# Cabot Stains



## JohnA (Oct 17, 2007)

Has anyone used Cabot Stains and what are the Pro and Con's about this stain?

Is it one of the best on the market for sealing and staining exterior wood?


----------



## slickshift (Apr 8, 2007)

Along with Sikkens, yes I think so
I use the two for exterior decks and such
I've also use the BM and SW products and IMO they are not as good


----------



## Humble Abode (Apr 11, 2007)

There are a lot better regional brands out there. I've never used Sikkens on a deck, only the door and window and Cetol SRD.

We have a deck stain company here called ABRP Inc. and I like there stains better than Cabot's.


----------



## Workaholic (Apr 17, 2007)

I have used Cabots for decking and fences. I like it, never had any problems from it.


----------



## painttofish (Aug 28, 2007)

I use Cabots on decks fences and on 50% of my exterior siding jobs. The P.R.O. VT acrylic solid siding stain (much better than SW woodscapes) I like and use a lot. Here in N. MI cedar siding is very common and cabot semi-trans works great. I use Sikkens on the log homes I do. Also, their Problem Solver primer is a good deck and all purpose oil primer.


----------



## JohnA (Oct 17, 2007)

I did buy the Primer for the floor and learned that I could not stain it until 6 months from now since it is new wood.

I belive that I will be very please with Cabots for what they told me about it.
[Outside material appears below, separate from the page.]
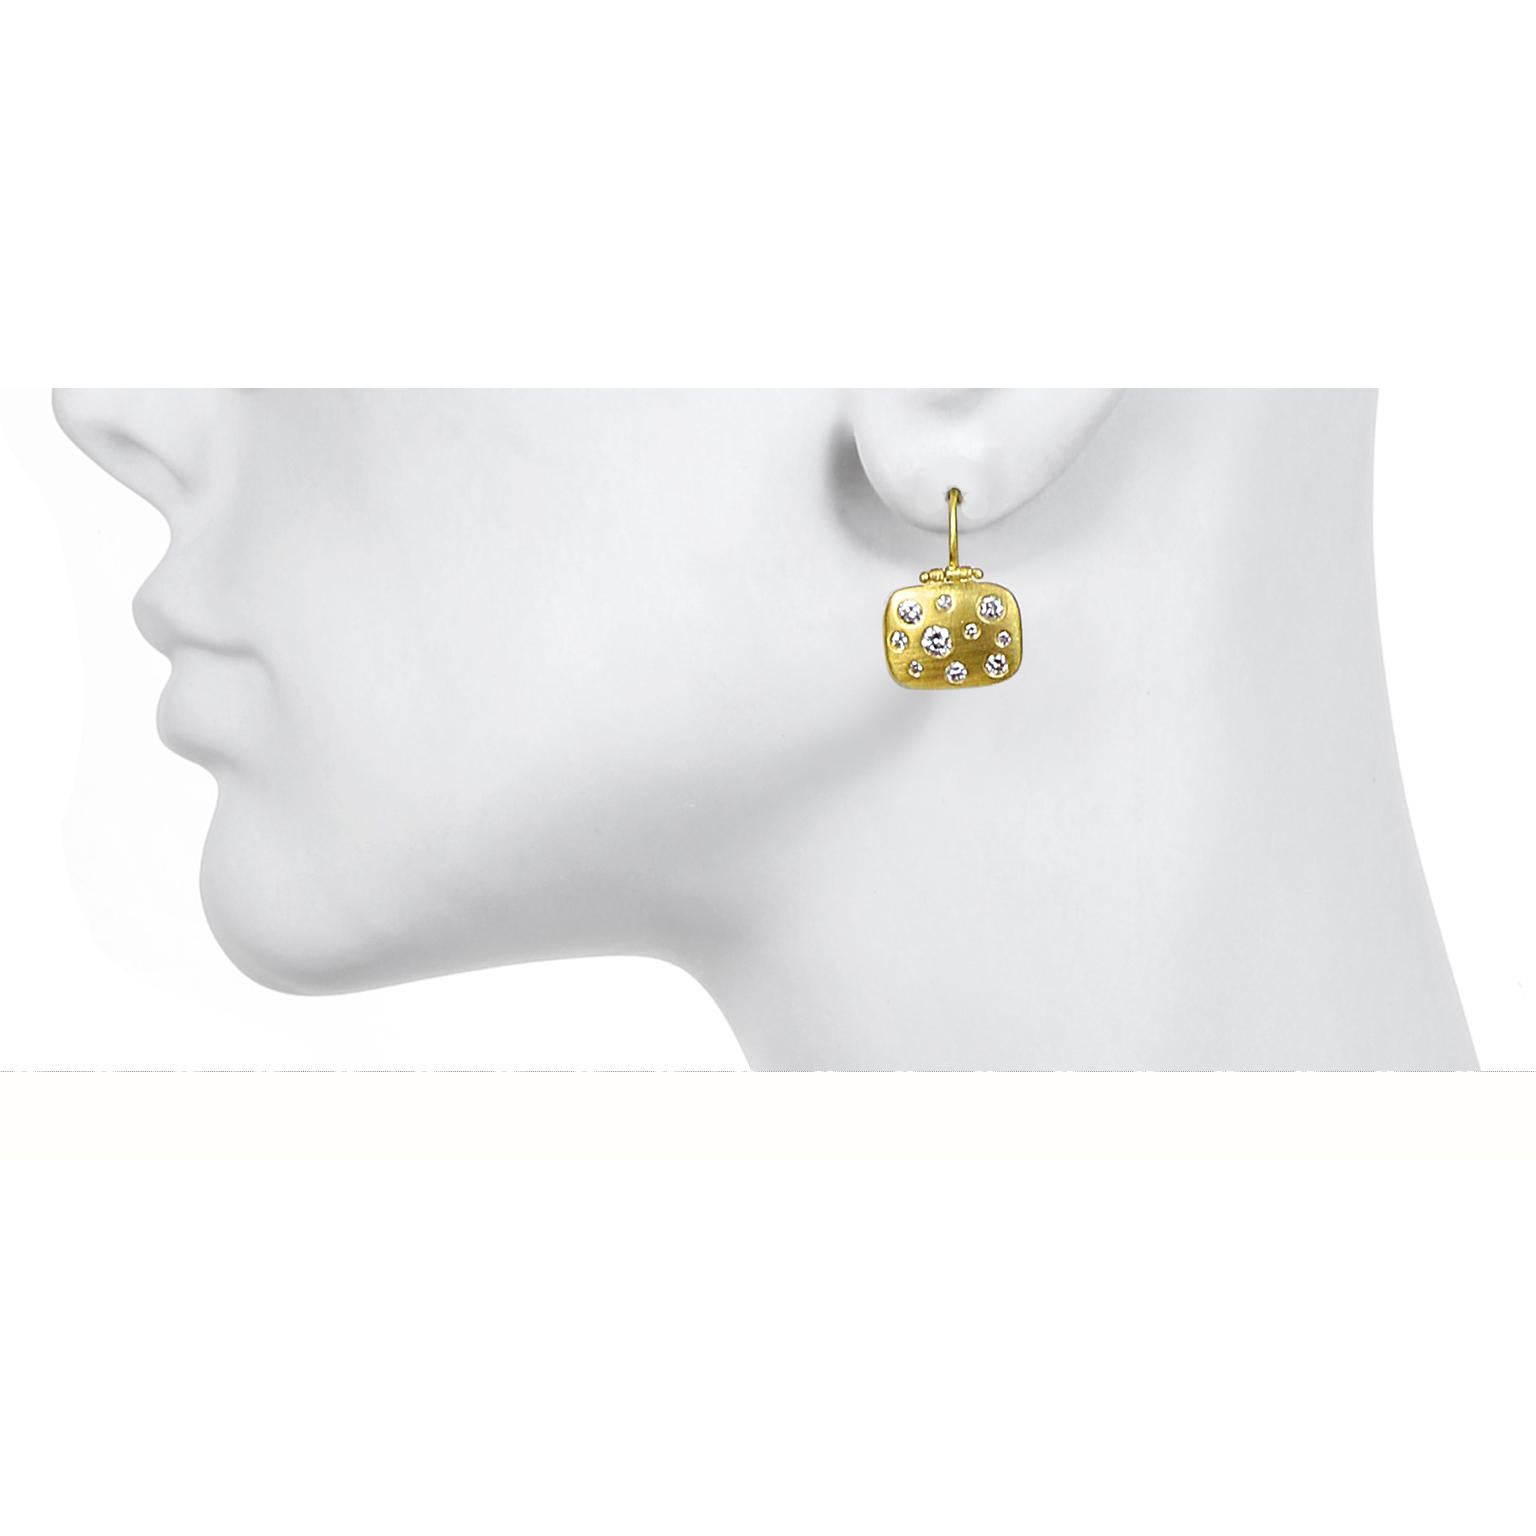 Faye Kim 18 Karat Gold Diamond Chiclet Hinged Earrings

The quintessential perfect pair of diamond earrings.  Just enough sparkle to get noticed but with understated elegance.  From board room decision making to brunch with friends.  These earrings

By the way how long does a coat of Deck stain last before you have to restain it again?


----------



## Rich (Apr 26, 2007)

JohnA said:


> Has anyone used Cabot Stains and what are the Pro and Con's about this stain? Is it one of the best on the market for sealing and staining exterior wood?


yes
all pro's, no con's
I cannot say if it's the best, but I like it and have used a lot of it


----------



## DiBs (Oct 16, 2007)

I prefer cabot's, I won't say it's the best, but the best I've used! I'd say 3 to 5 years with the semi-trans, but various conditions will dictate actual timing between coatings.


----------



## Paintwerks (Apr 22, 2007)

Cabots is all we use on our exterior siding. I think its the best from what Ive used. I havent tried Sikkens yet, any comments on there solid stain.

Thanks Dan


----------



## Wolverine (Apr 17, 2007)

Cabot continues to have a strong reputation since Valspar has not owned them long enough to ruin it yet...


----------



## slickshift (Apr 8, 2007)

JohnA said:


> By the way how long does a coat of Deck stain last before you have to restain it again?


Depends on what and where


----------



## JohnA (Oct 17, 2007)

Wolverine said:


> Cabot continues to have a strong reputation since Valspar has not owned them long enough to ruin it yet...


When did Valspar buy them?

Is Valspaer any good paint? Interior or Exterior?


----------



## straight_lines (Oct 17, 2007)

> Is Valspaer any good paint? Interior or Exterior?


 :no:


Hate it, hate it, hate it. 

For 100% acrillic, I like SW stuff for the price I think it performs very well. :thumbsup:


----------